▶ **Your goal**: In the material below, the line holding "Texas farm and" and every line after it should be reproduced exactly, please, with pictures omitted.

▶ **Recorded data**:
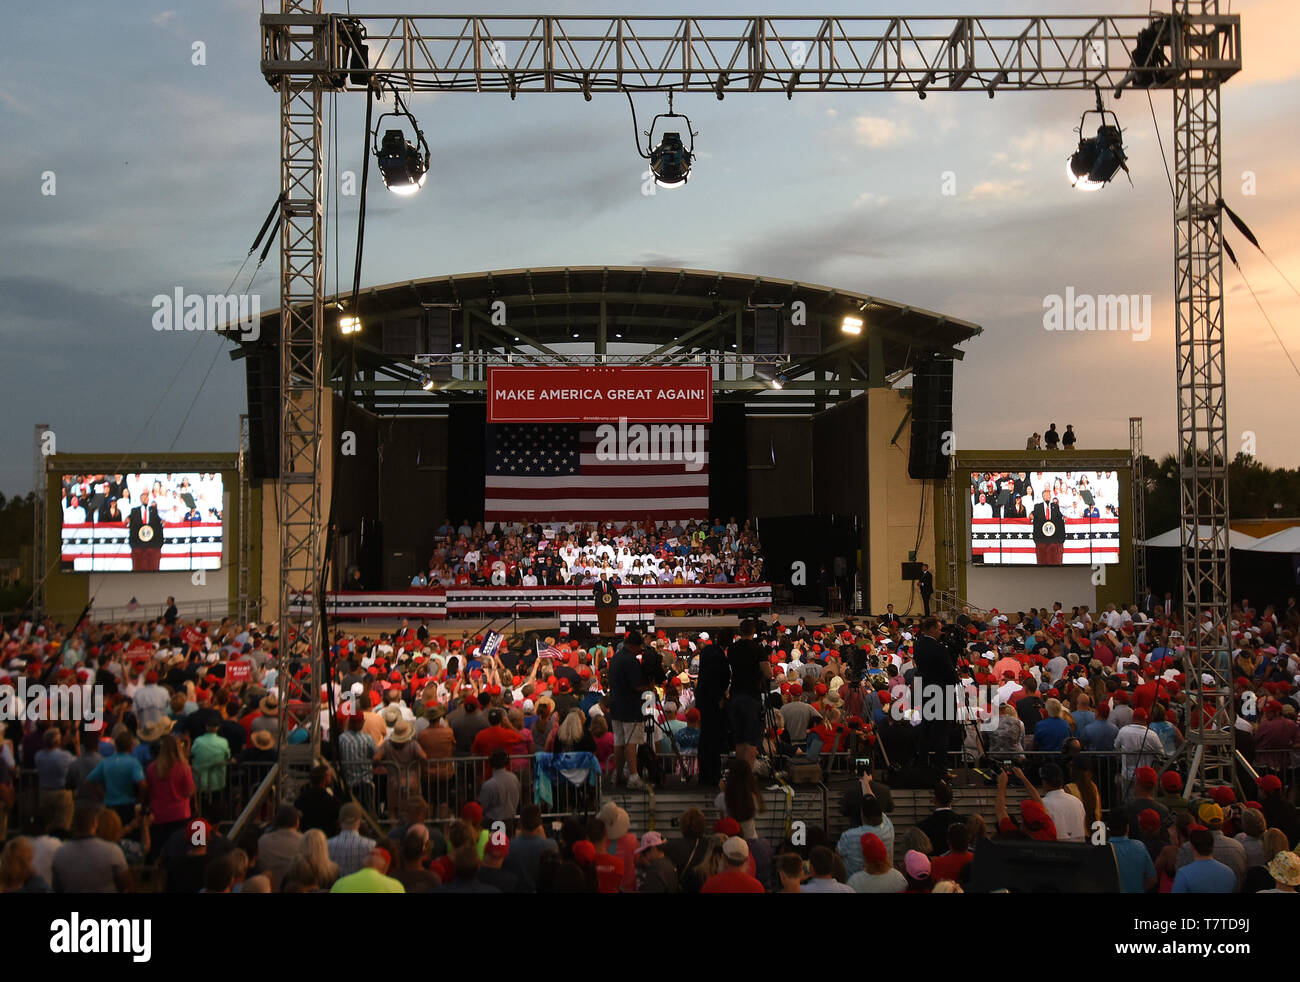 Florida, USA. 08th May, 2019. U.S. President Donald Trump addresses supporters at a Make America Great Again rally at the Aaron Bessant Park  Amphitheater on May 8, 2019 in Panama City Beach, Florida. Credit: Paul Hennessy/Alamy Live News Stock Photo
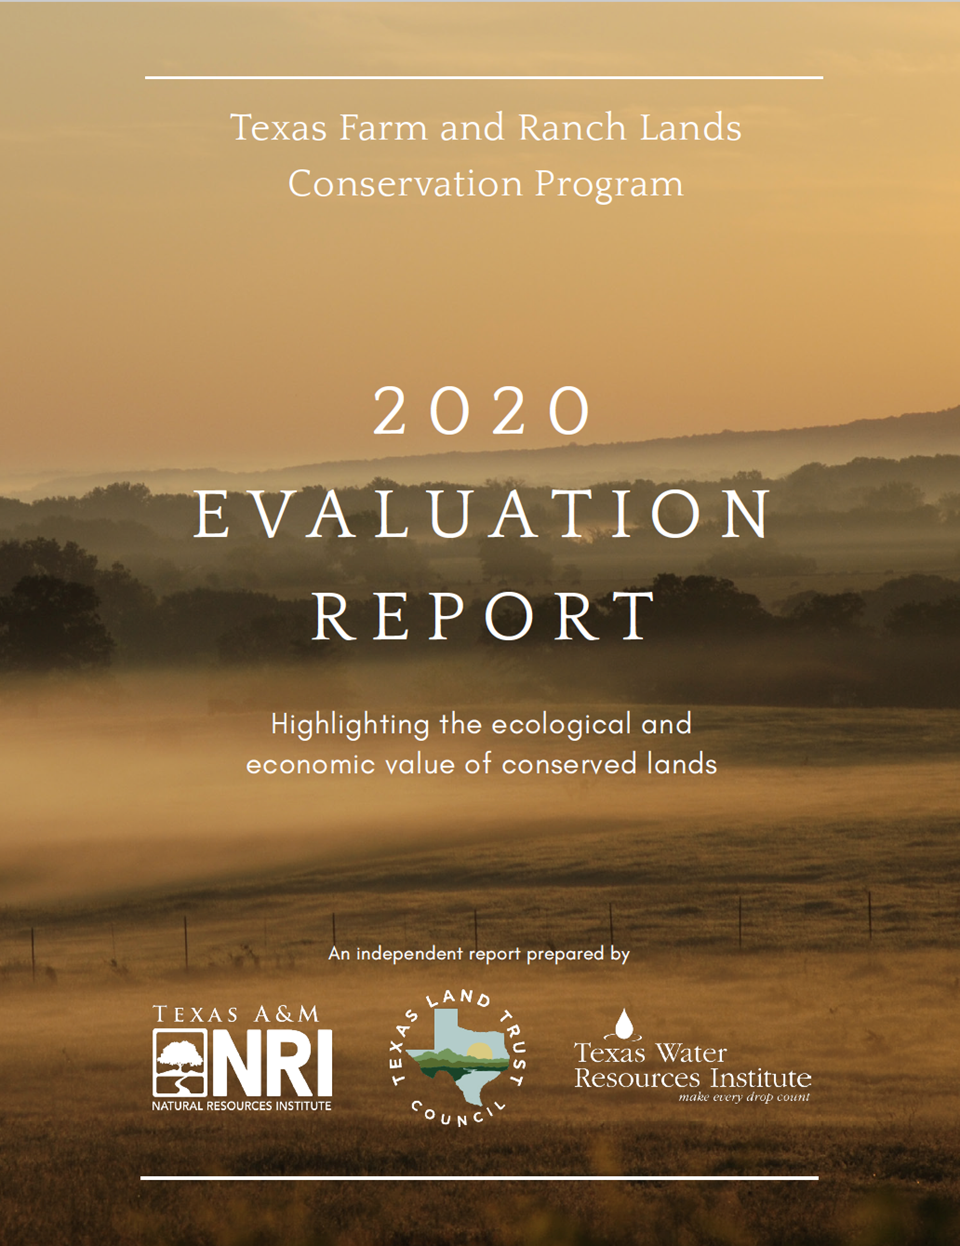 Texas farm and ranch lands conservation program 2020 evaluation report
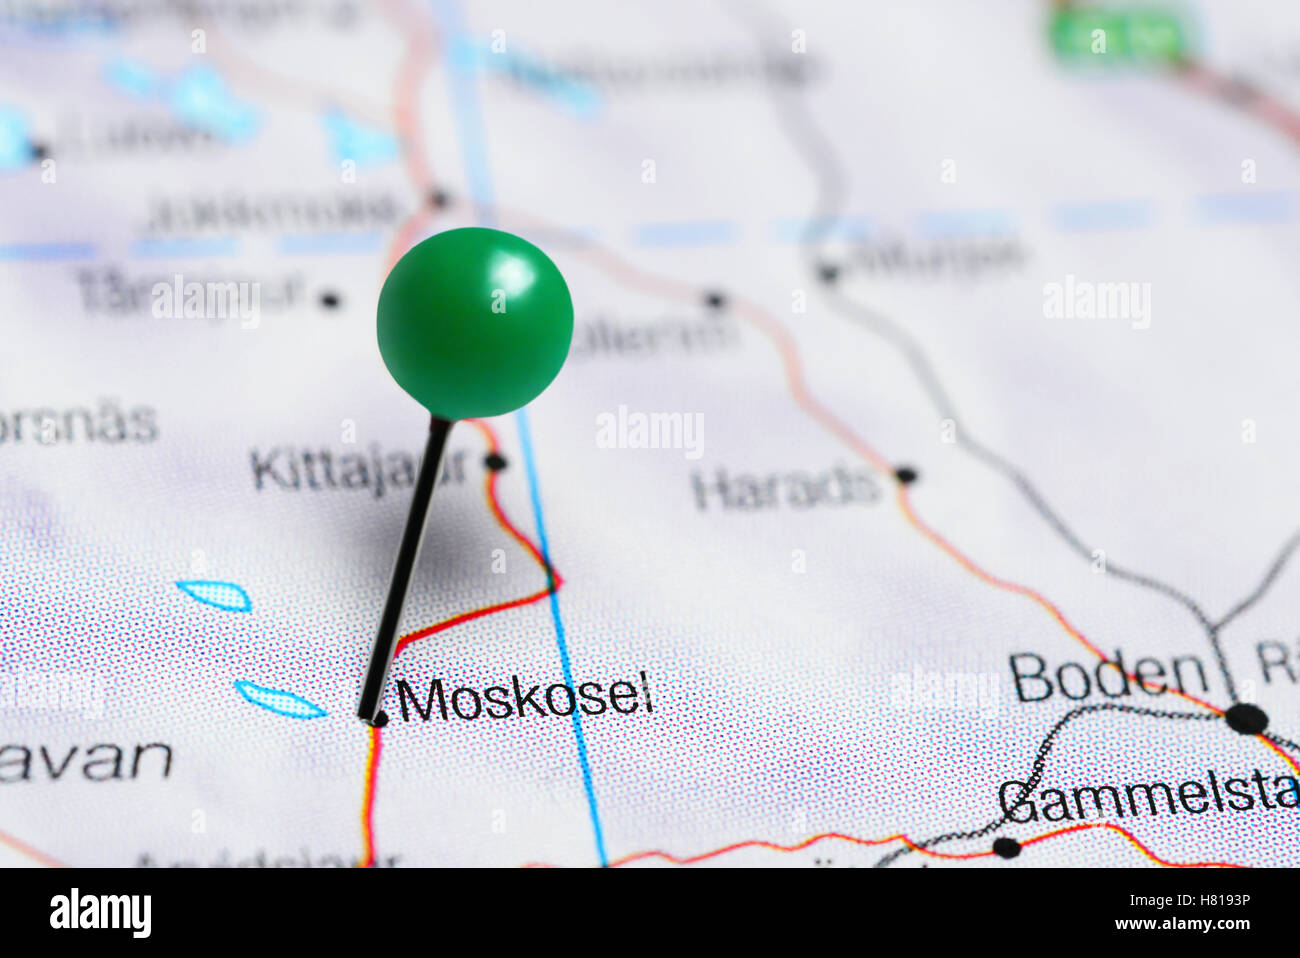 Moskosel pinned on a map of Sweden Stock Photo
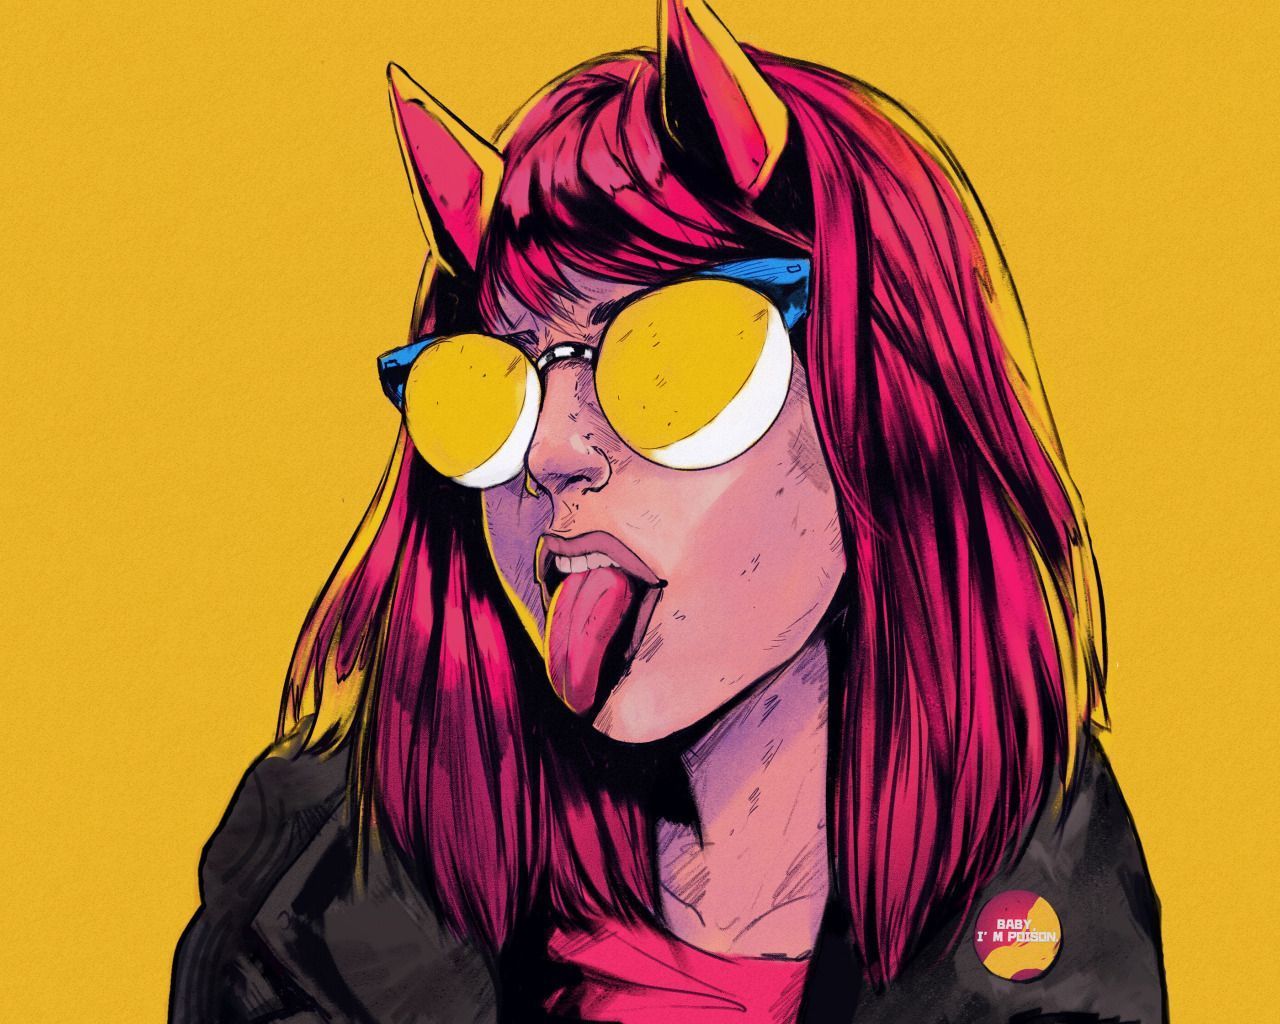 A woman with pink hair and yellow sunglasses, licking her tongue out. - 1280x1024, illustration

▶ **Written solution**:
 Texas farm and ranch lands conservation program 2020 evaluation report
 Moskosel pinned on a map of Sweden Stock Photo
 A woman with pink hair and yellow sunglasses, licking her tongue out. - 1280x1024, illustration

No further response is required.